» INFORMATION PROVIDED:
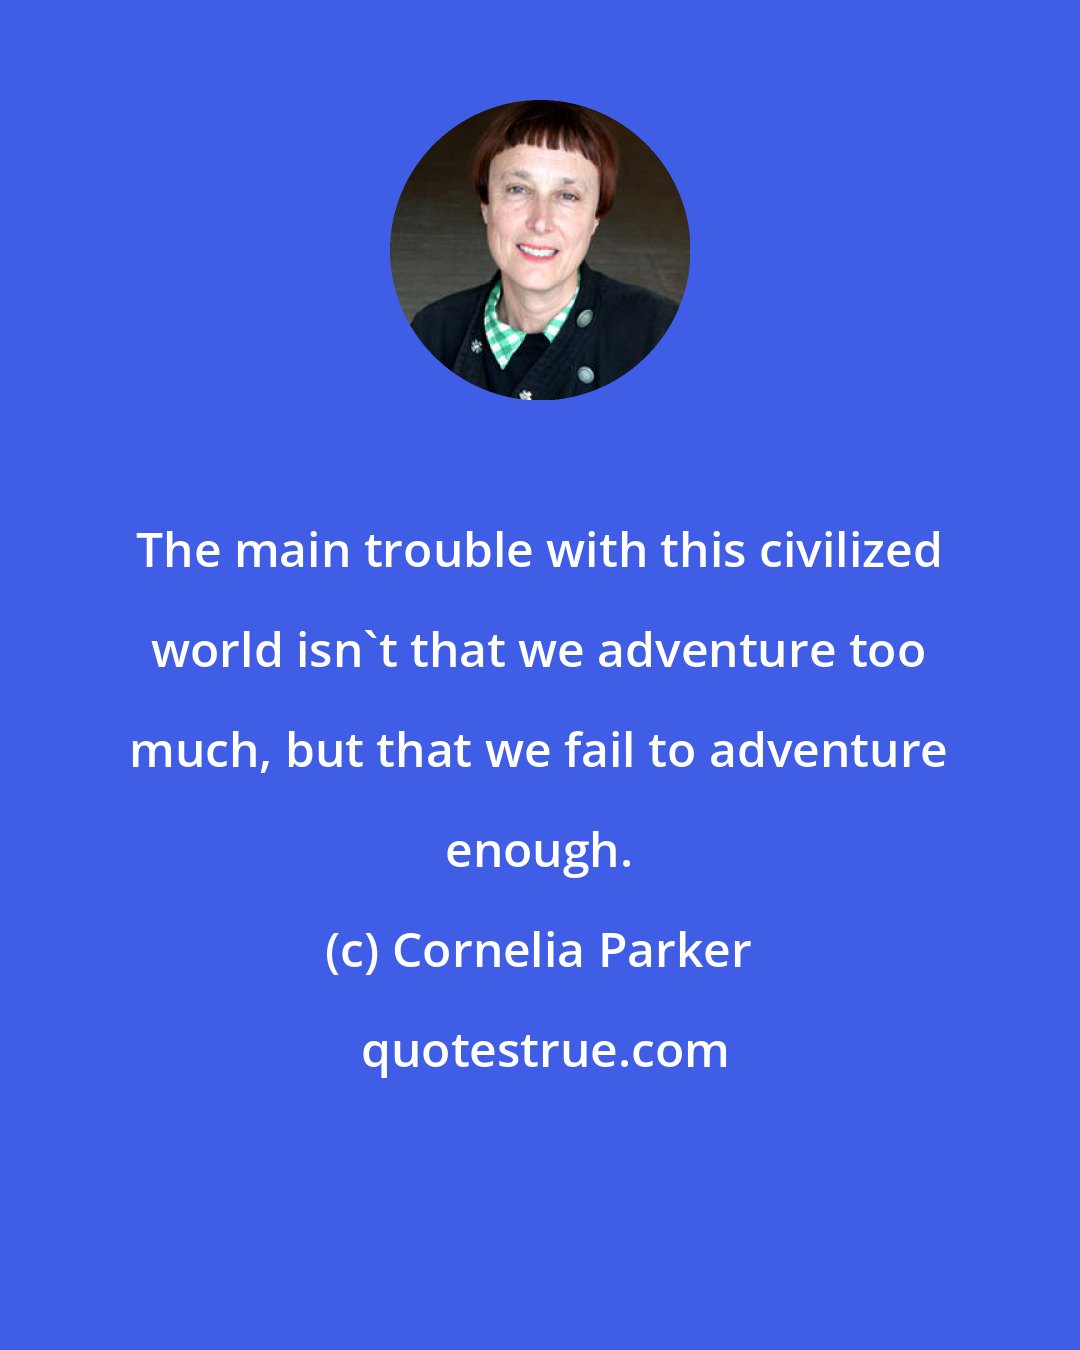 Cornelia Parker: The main trouble with this civilized world isn't that we adventure too much, but that we fail to adventure enough.
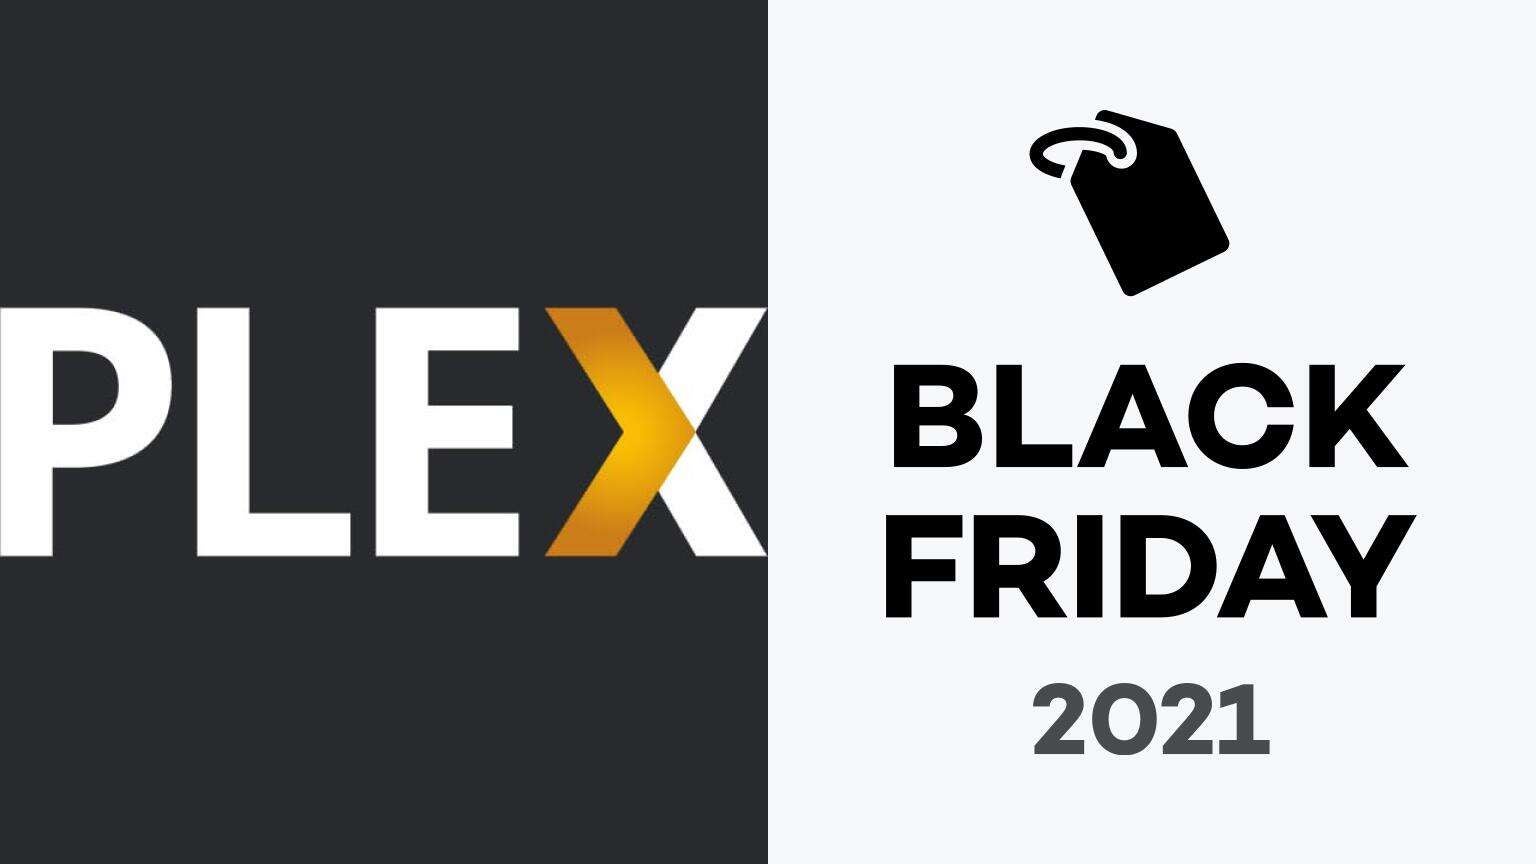 Plex Black Friday Deals and Sales What Are the Best Ways to Save
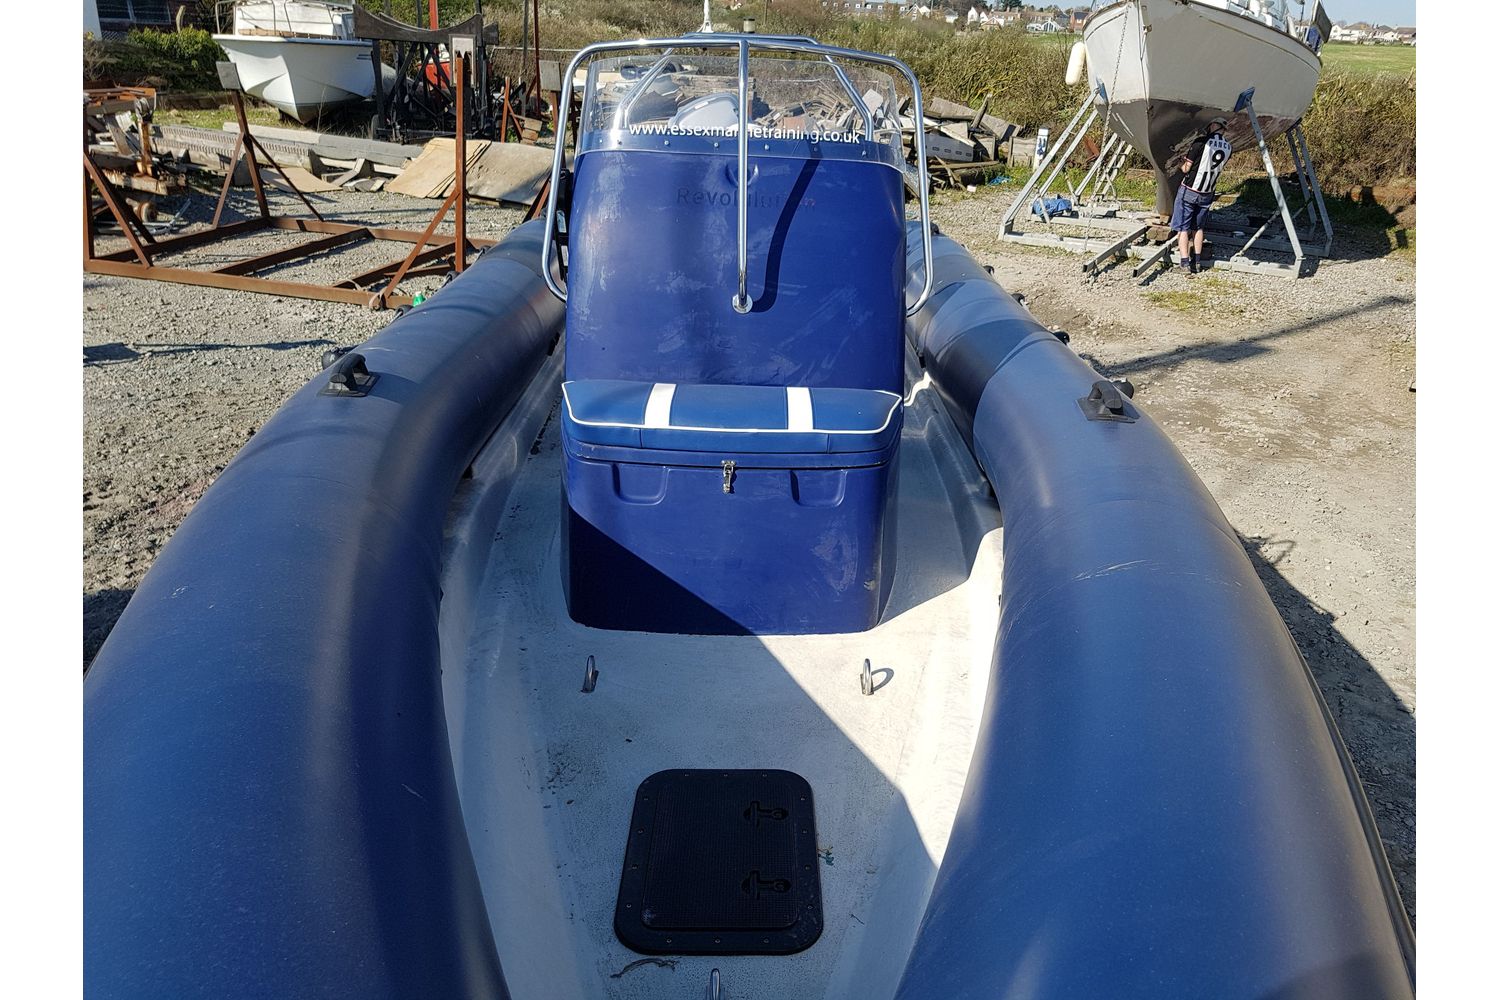 used boats for sales essex

» WORK TO COMPLETE: Leave out the pictures, and please output only the lines from the line that contains "Plex Black Friday" through the end of the data, both ends included.

» ANSWER:
 Plex Black Friday Deals and Sales What Are the Best Ways to Save
 used boats for sales essex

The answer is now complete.